Filed by Cloudera, Inc.
Pursuant to Rule 425 under the Securities Act of 1933, as amended,
and deemed filed pursuant to Rule 14a-12
under the Securities Exchange Act of 1934, as amended
Subject Company: Hortonworks, Inc.
Commission File No: 001-36780
This filing relates to the proposed merger of Hortonworks, Inc., a Delaware corporation (“Hortonworks”), with Surf Merger Corporation (“Merger Sub”), a Delaware corporation and a directly, wholly owned subsidiary of Cloudera, Inc., a Delaware corporation (“Cloudera”), pursuant to the terms of that certain Agreement and Plan of Merger, dated as of October 3, 2018, by and among Cloudera, Hortonworks and Merger Sub. The following is the transcript of a television interview of Tom Reilly, Chief Executive Officer of Cloudera, with Jim Cramer for Mad Money CNBC on October 5, 2018.
MAD MONEY CNBC
5 OCTOBER 2018
JIM CRAMER INTERVIEW WITH TIM REILLY
INTERVIEWER: JIM CRAMER
JIM CRAMER:
We got some major technology news on Wednesday night that you may have missed. A pair of enterprise software companies, Cloudera and Hortonworks, are combining forces in a merger of equals and sticking with the Cloudera name. Now, it's not easy to explain what these companies actually do to a layman.
Cloudera's an analytics and machine learning play. Their platform helps companies get the most out of their data, especially working across multiple different cloud infrastructure providers. Now, at the moment, all the cloud stocks are being obliterated.
But this remains a great growth business. And the merger with Hortonworks could be a game changer. Do not take it from me, though.
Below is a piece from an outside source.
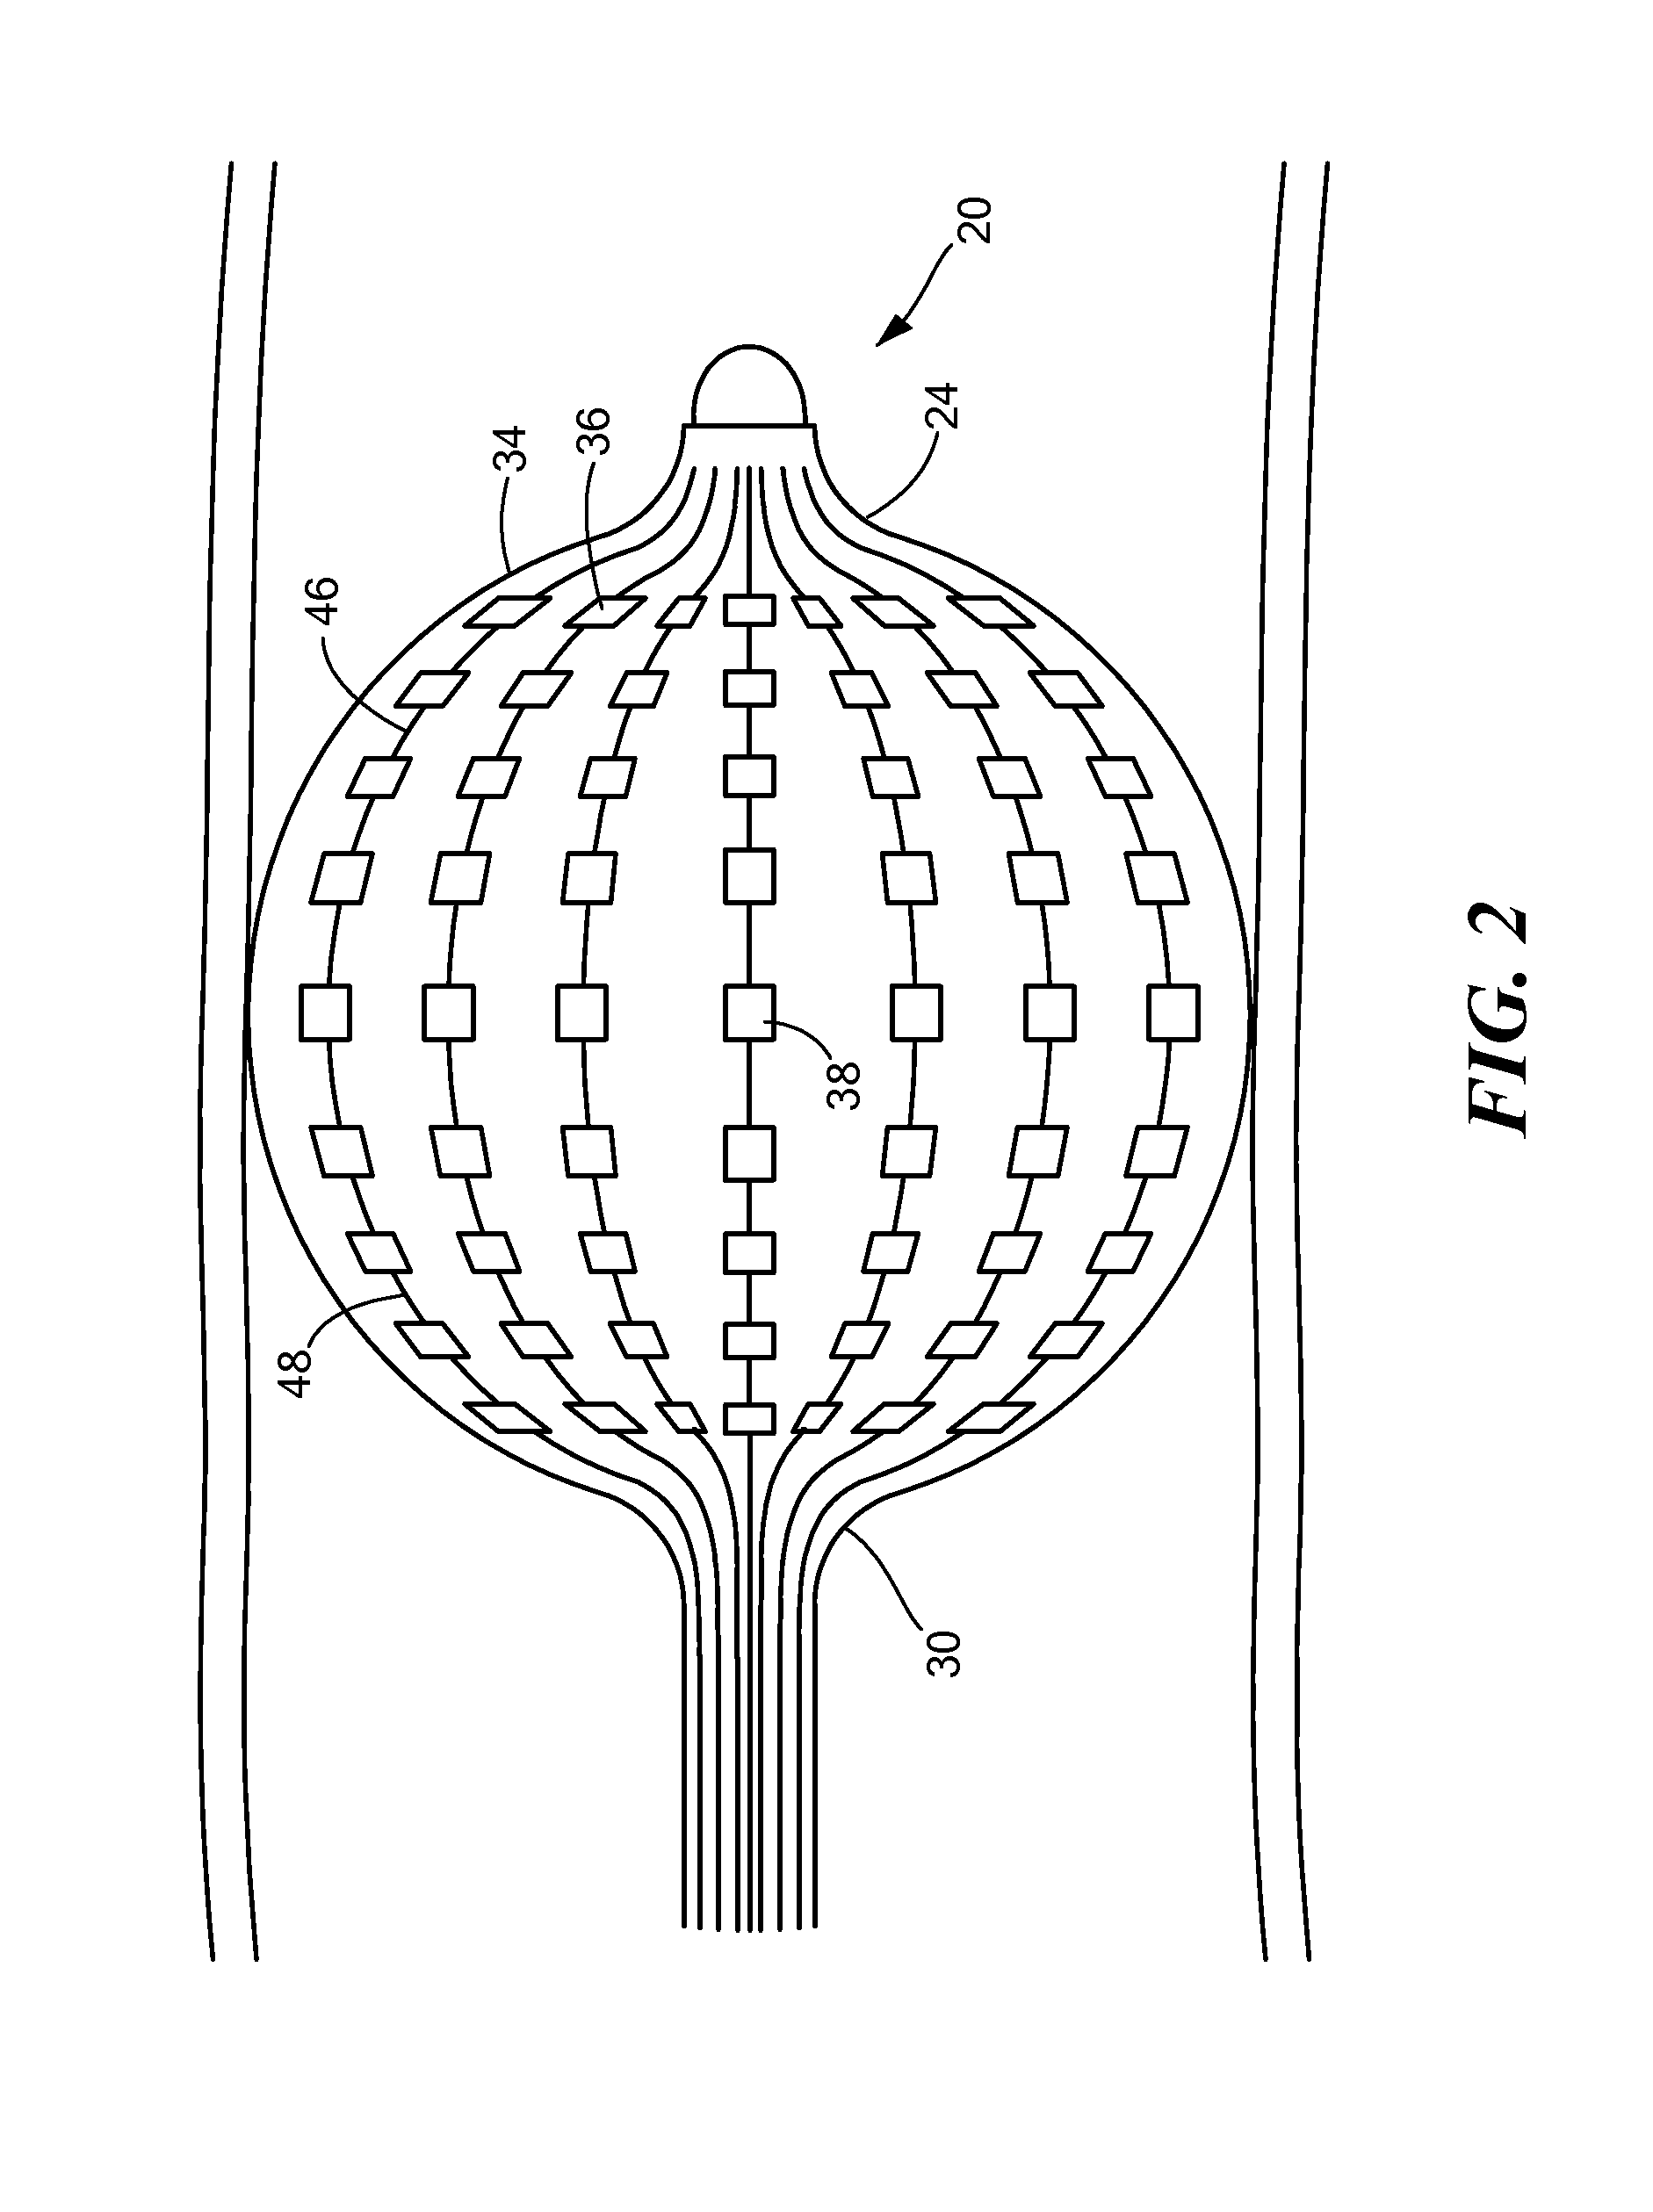 Contact specific RF therapy balloon

Let's check in with Tom Reilly. He's the CEO of Cloudera, who will be staying on as CEO of the combined company. He has a better sense of what this deal means for the future of this business. Mr. Reilly, welcome to Mad Money.
TIM REILLY:
Jim, it's great to be on your show. Thank you for having me.
JIM CRAMER:
Well, I'm so glad you're here. Because you'll be able to explain to our viewers why both stocks went up on this merger announcement, when typically, it's not the case.
TIM REILLY:
Well, this is a wonderful merger. Basically, bringing these two companies together, we are creating immense shareholder value. So our plans are that, by 2020, just around the corner, our combined company, Cloudera plus Hortonworks, our new company, Cloudera, will be greater than $1 billion in annual revenues, will be greater than 20% year-over-year growth, and will have greater than 15% operating cash flow margins. The amount of shareholder value it'll create by bringing us together is immense.
JIM CRAMER:
Now, a lot of-- the analysts said that, not only will there be great synergies, but some of them said, "You know what? These two companies have actually had been going at it. And together, they're going to be better for the customers than they are separate. And the actual possibility of profitability for both companies could be pulled forward." Do you agree?
TIM REILLY:
That is our goal. And I do agree. This has been a rivalry that's going on for nearly ten years. We have been going at it really hard against each other, but that has made us both better. Competition is wonderful. But now, there's a new set of competitors that we can combine ourselves, be a much stronger company of greater scale. And we can take on a new set of competitors. And a lot of it are these cloud guys, where we are extremely well positioned to win in a different market.
JIM CRAMER:
Well, you gave, in your September 5th conference call, a couple of examples of what you've done. I know everyone in our country is familiar with Samsung Electronics America, one of the world's largest IT and consumer electronics companies. In order to be able to explain what Cloudera does, maybe you could use that example, which is already public, about what you do, so that the-- people at home can understand why this merger could be so exciting.
TIM REILLY:
Well, so Samsung Electronics, like all other manufacturers, are instrumenting and connecting the devices they create to the internet. It's called the internet of things. So every car, every cell phone, everything through the supply chain is being instrumented, autonomous vehicles.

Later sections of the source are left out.